Transportation Options for Negril

The sooner you make your plans to travel to Negril, the sooner you can hit the beach

Photo credit: © Ian Bucknor

Located on the western tip of Jamaica, Negril is a popular destination amongst tourists for its world famous beaches and laid back environment. Although there are almost no direct modes of transportation into the town, there are plenty of options with regards to getting to Negril, and just as many that people can use to get around.

Getting There

Although there is an airport in Negril, it does not welcome international flights, so most tourists will have to fly in to nearby Montego Bay. Sailing and cruising are also options, but again, the trip will originally bring tourists to Montego Bay.

Getting Around

Once you arrive in Jamaica, you'll need to find a way to get to Negril. Options are all land bound.

Air Travel yourself hours of driving time...


There are three international in Jamaica, and two of them offer easy access to Negril. The closest is the Sangster International Airport in Montego Bay, at just around 90 minutes away by car. Sangster International Airport is the busiest airport on the island, and tourists will have no trouble booking international flights directly to Montego Bay.

A bit more than three hours in the opposite direction is the Norman Manley International Airport in Kingston. This airport is slightly smaller, though there are still plenty of international flights that make the journey into the capital city on a daily basis. The benefit of flying into Norman Manley International Airport is that the airport is open 24 hours a day, so it is possible to take a later flight.

If you plan on hopping around Jamaica's largest cities to do some exploring, you can do so by flying domestically and save yourself hours of driving time. Negril is home to a domestic airport called the Negril Aerodrome which offers a limited number of daily flights between Negril, Kingston, Montego Bay, Ocho Rios, and Port Antonio.

Click here for more information about flying into and around Negril.


It may take a little bit of extra planning to sail to Negril thanks to the lack of a harbor and the fact that it isn't an official port of entry, but hundreds of people still make the trip each year. You'll be able to do so by planning to enter the country at a different locale, then sail to Negril and dock as near to the town as possible. More detailed instructions can be found here.

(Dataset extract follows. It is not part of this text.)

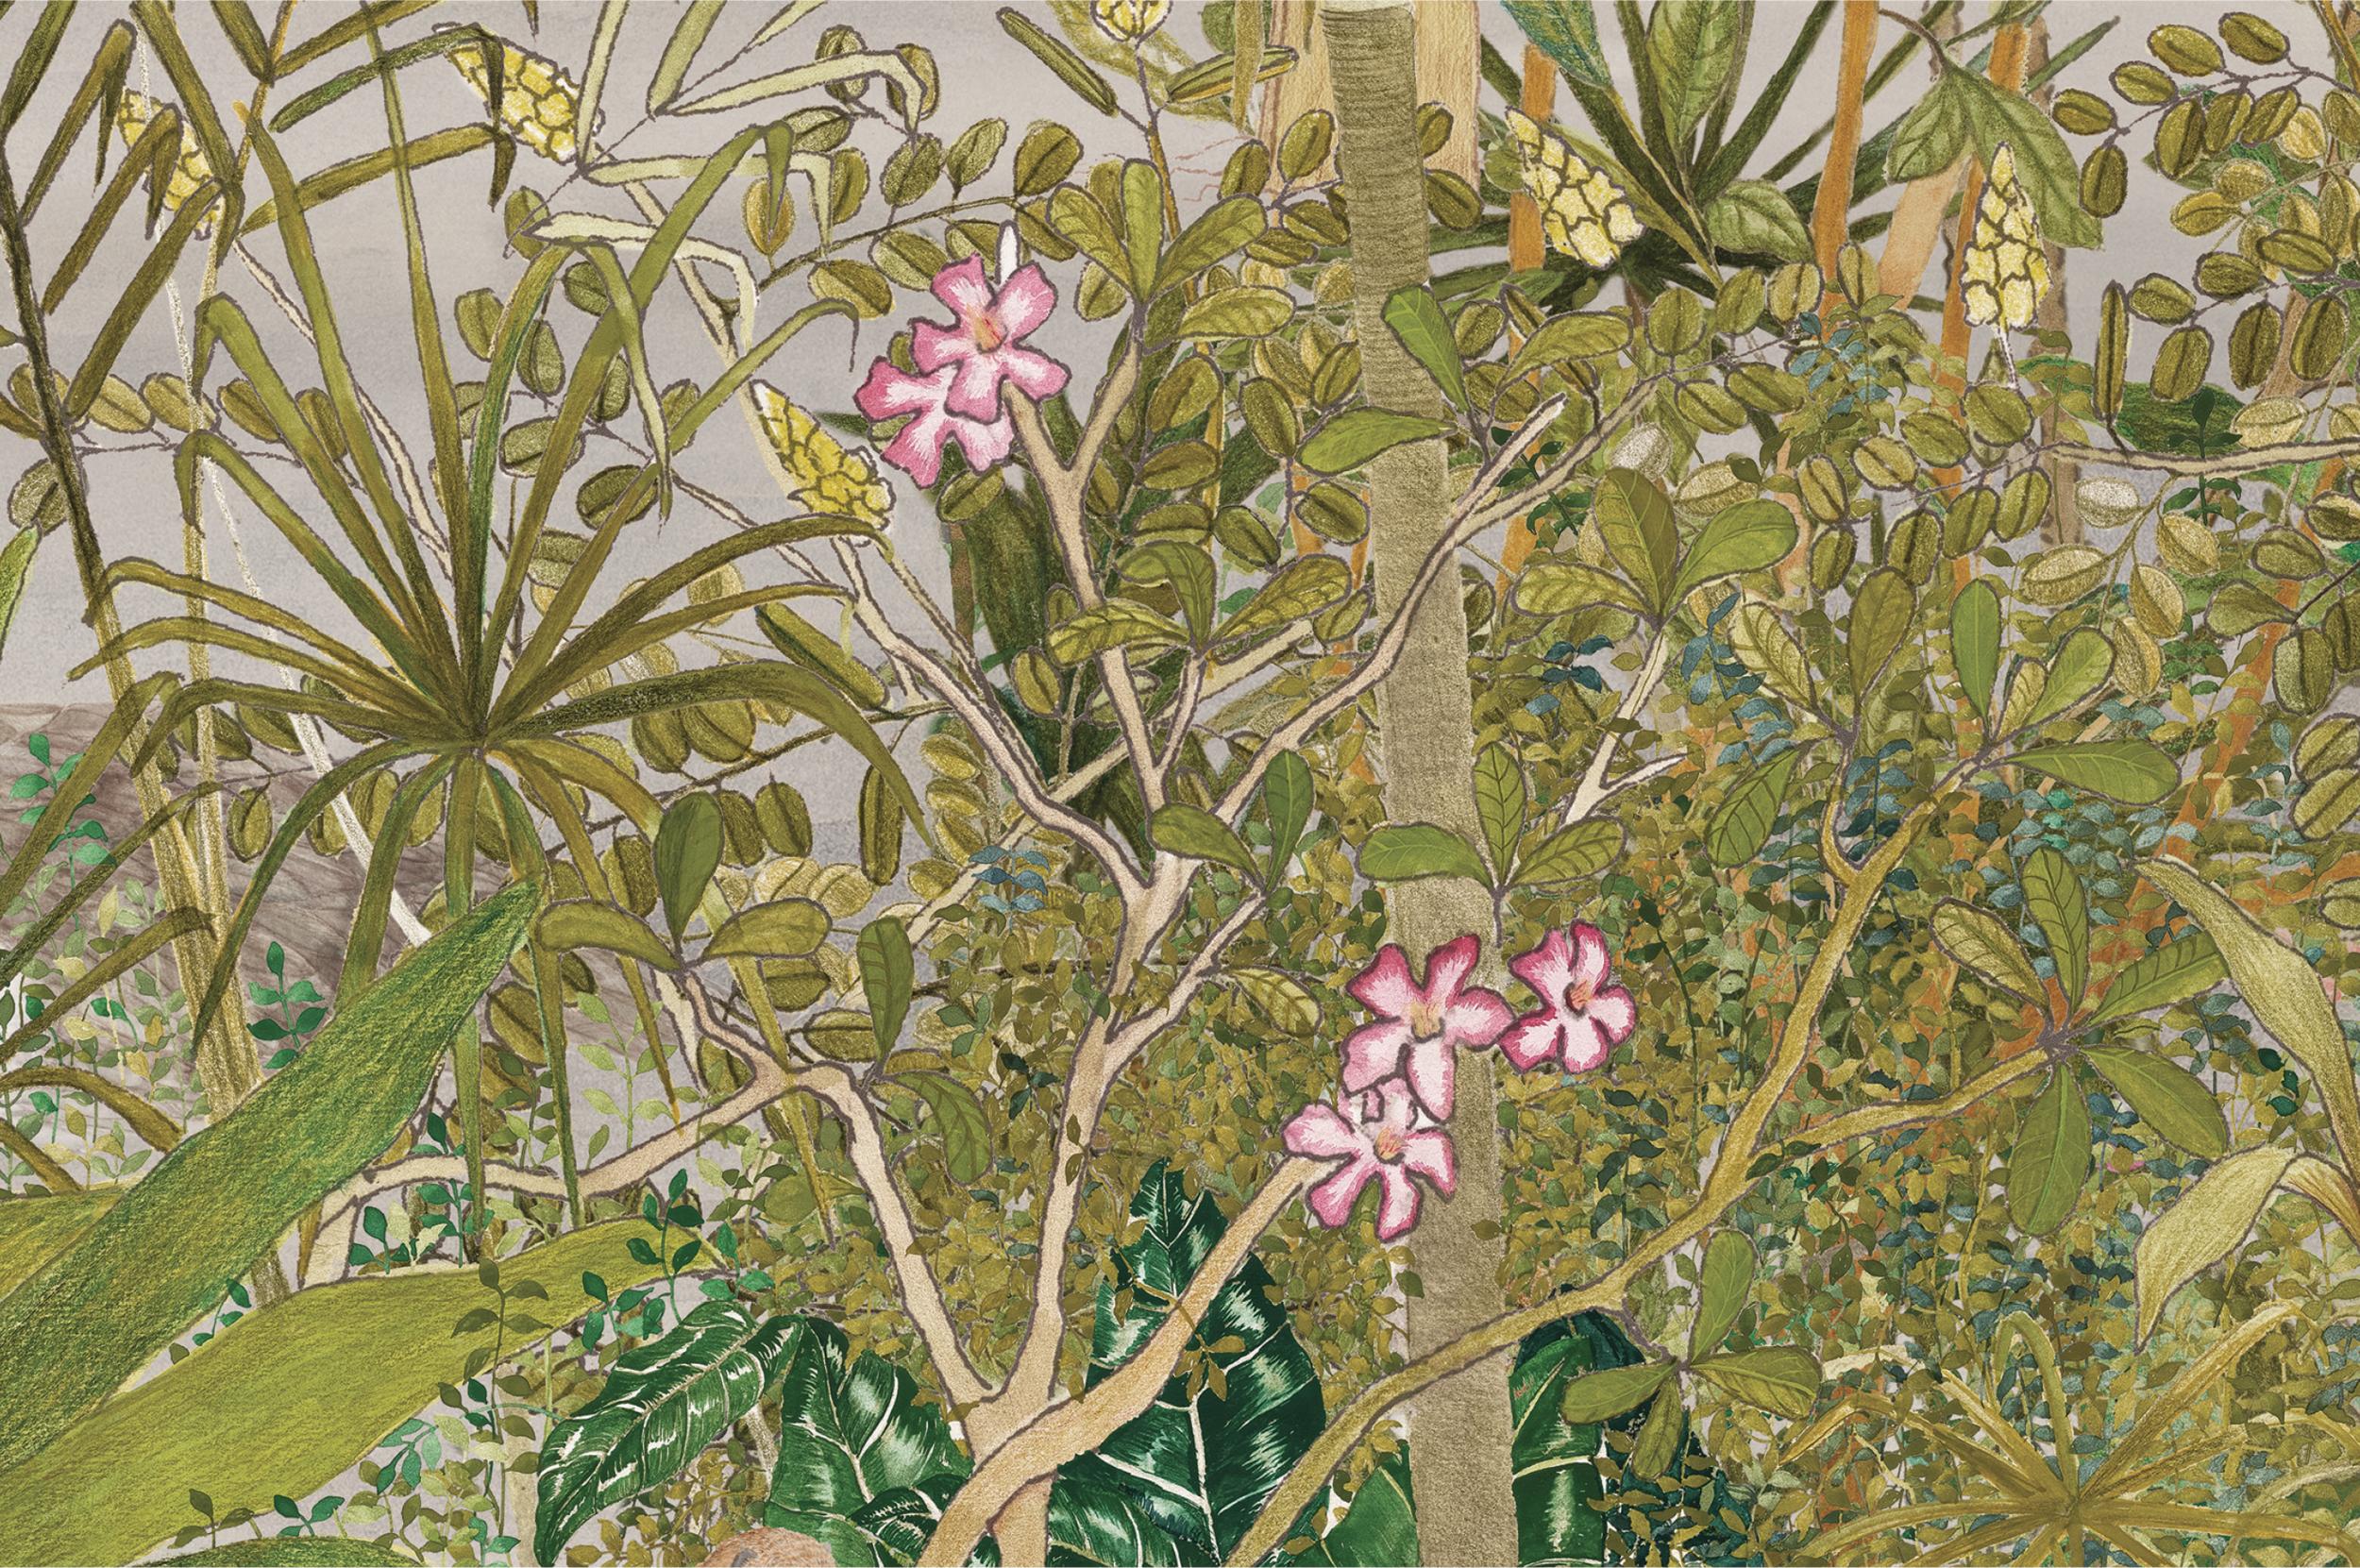 Wildgarden wallpaper_Flat_for WEBSITE26.png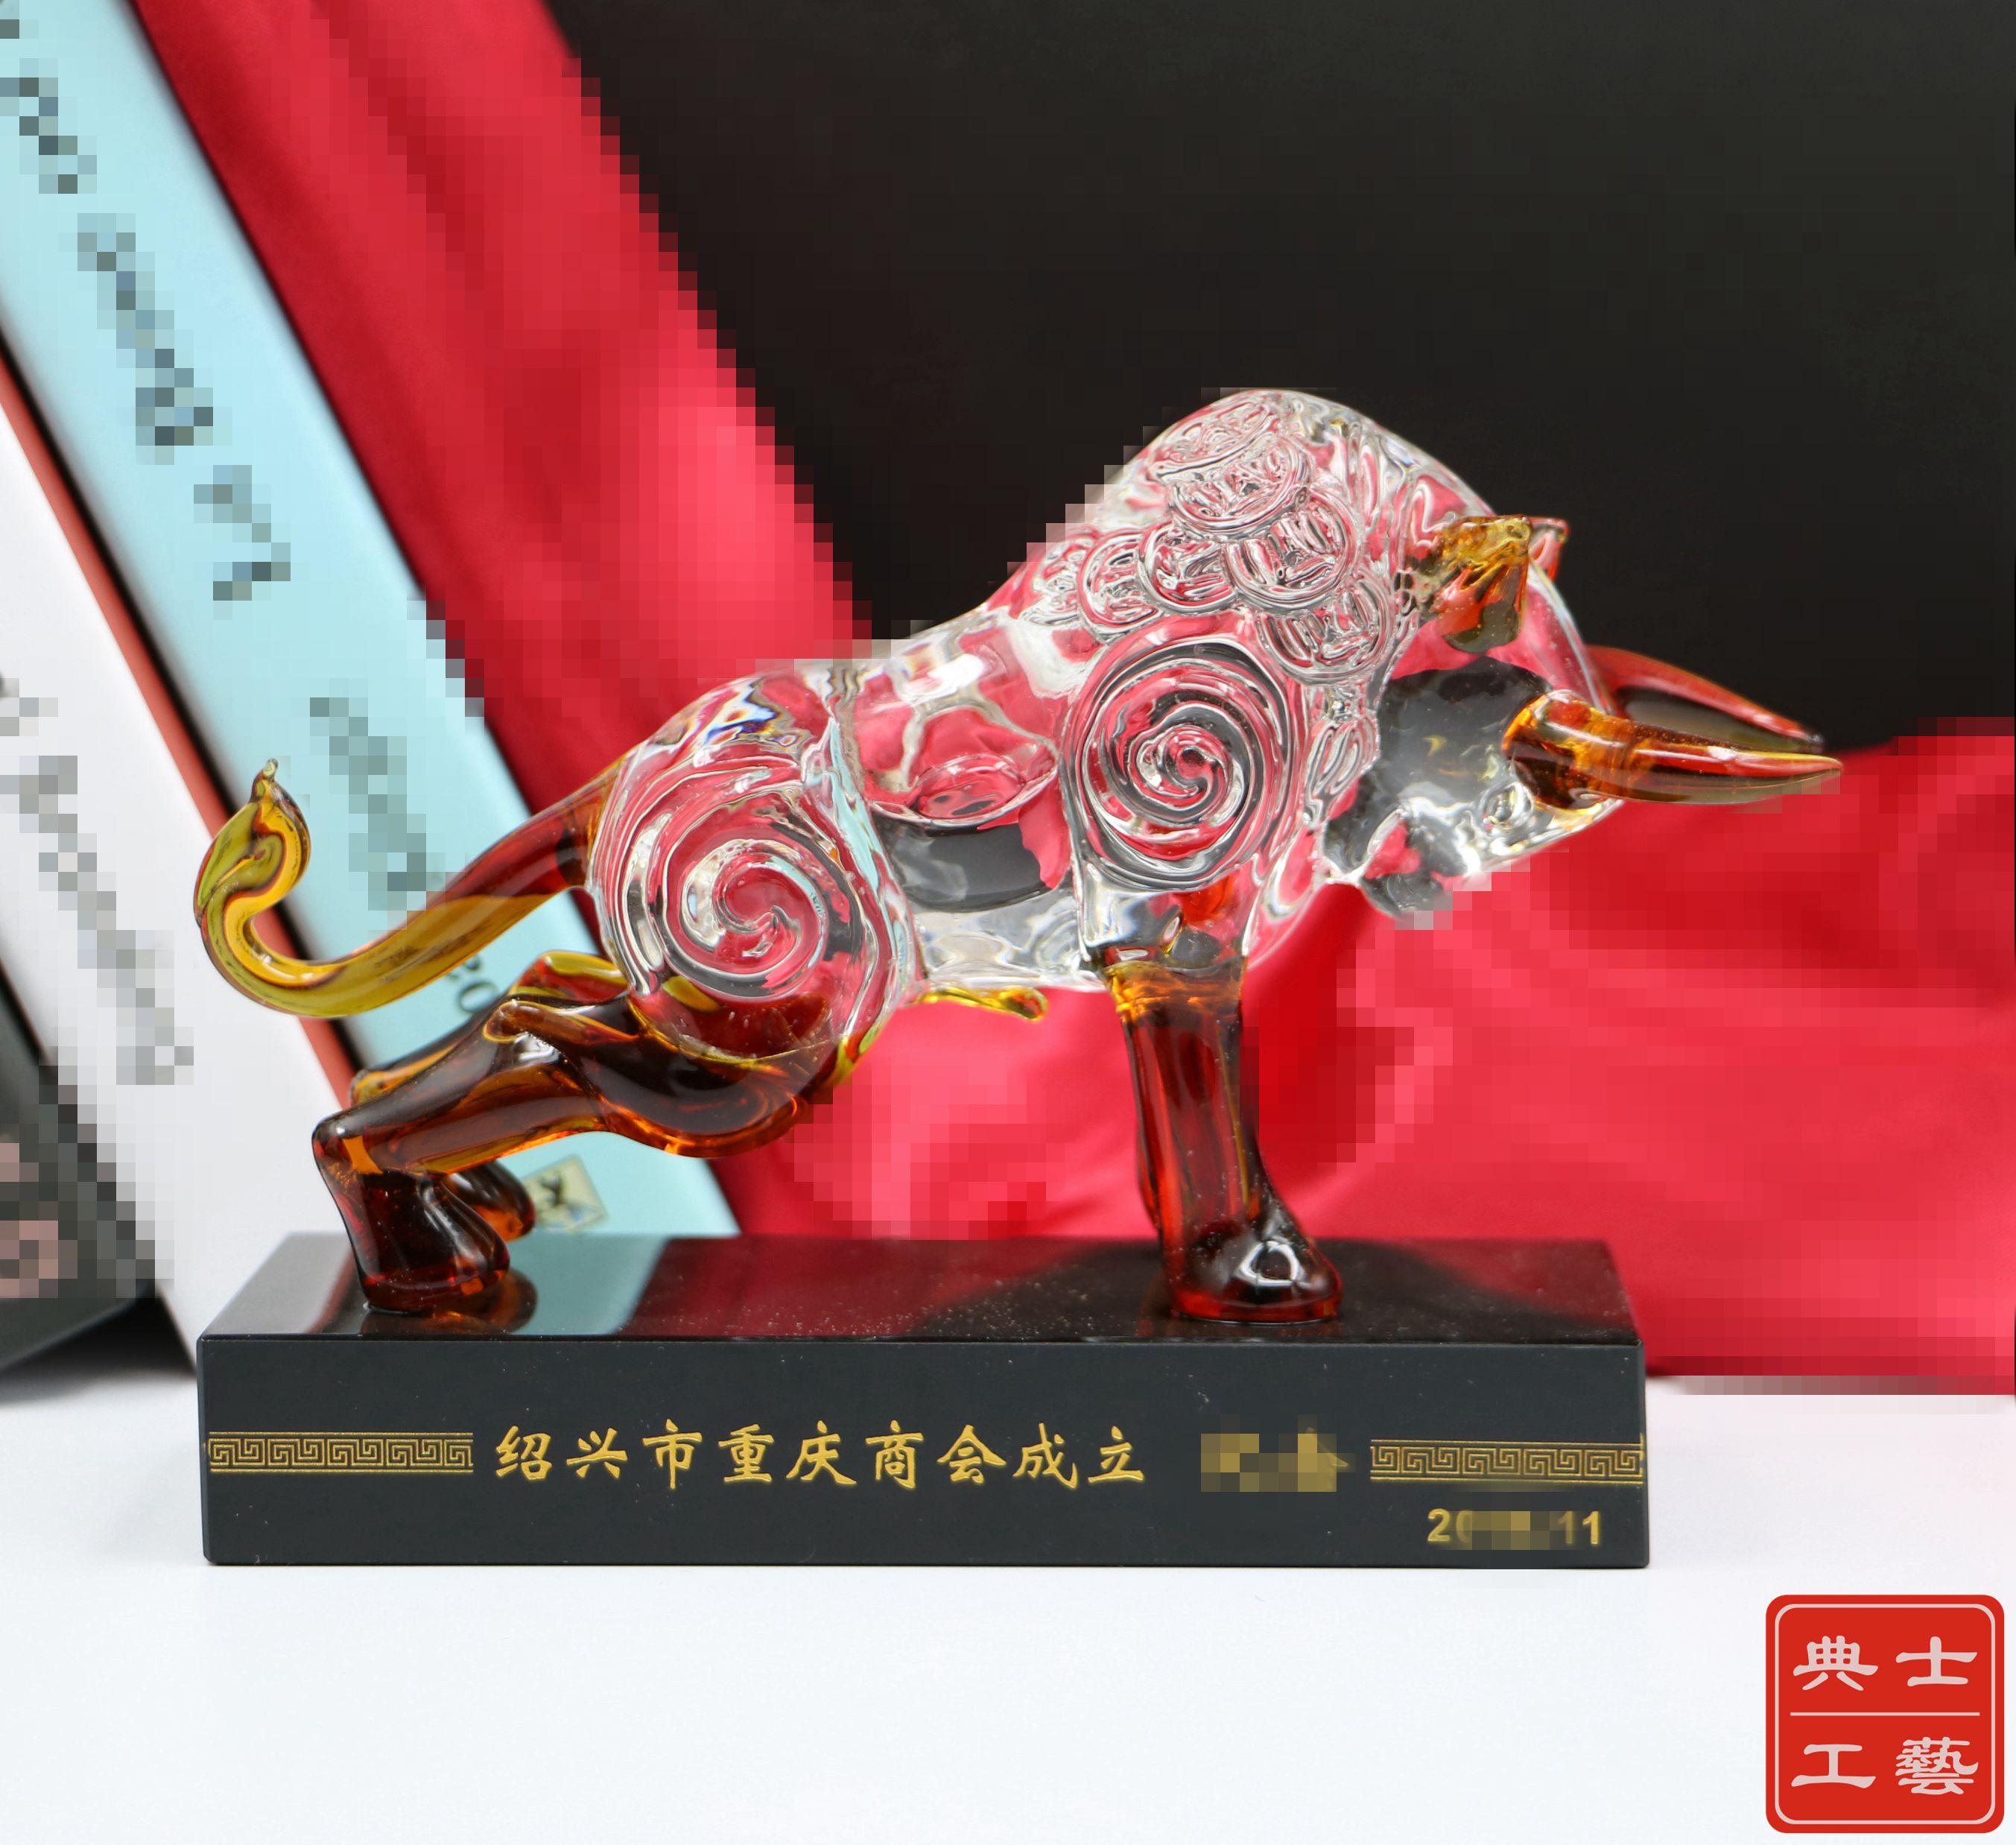 長沙居委會紀念品制作、行業商會活動禮品、會員大會紀念品定做

With multiple cruise terminals throughout Jamaica, this island is a hot spot for stops on Caribbean cruises. If you'd like to make a point to visit Negril during a cruise, your best option would be to find a ship that sails to the nearest cruise port, the Montego Bay Cruise Terminal in Montego Bay. The distance is under 90 minutes, so you can reasonably hire a charter taxi or take a mini bus into town, explore, and make it back before you are due to be back on the boat.

Rental Cars

The “Road to Negril” was once a thing of legends, with its winding, car-sickness inducing roads filled with pot holes and aggressive drivers. Today, the road has been smoothed out, traffic lights have gone up, and an effort to make road signs is in effect. If you've been to Jamaica before and sworn you would never drive on the island, news of the island's latest infrastructure repairs may just change your mind. Click here for further details.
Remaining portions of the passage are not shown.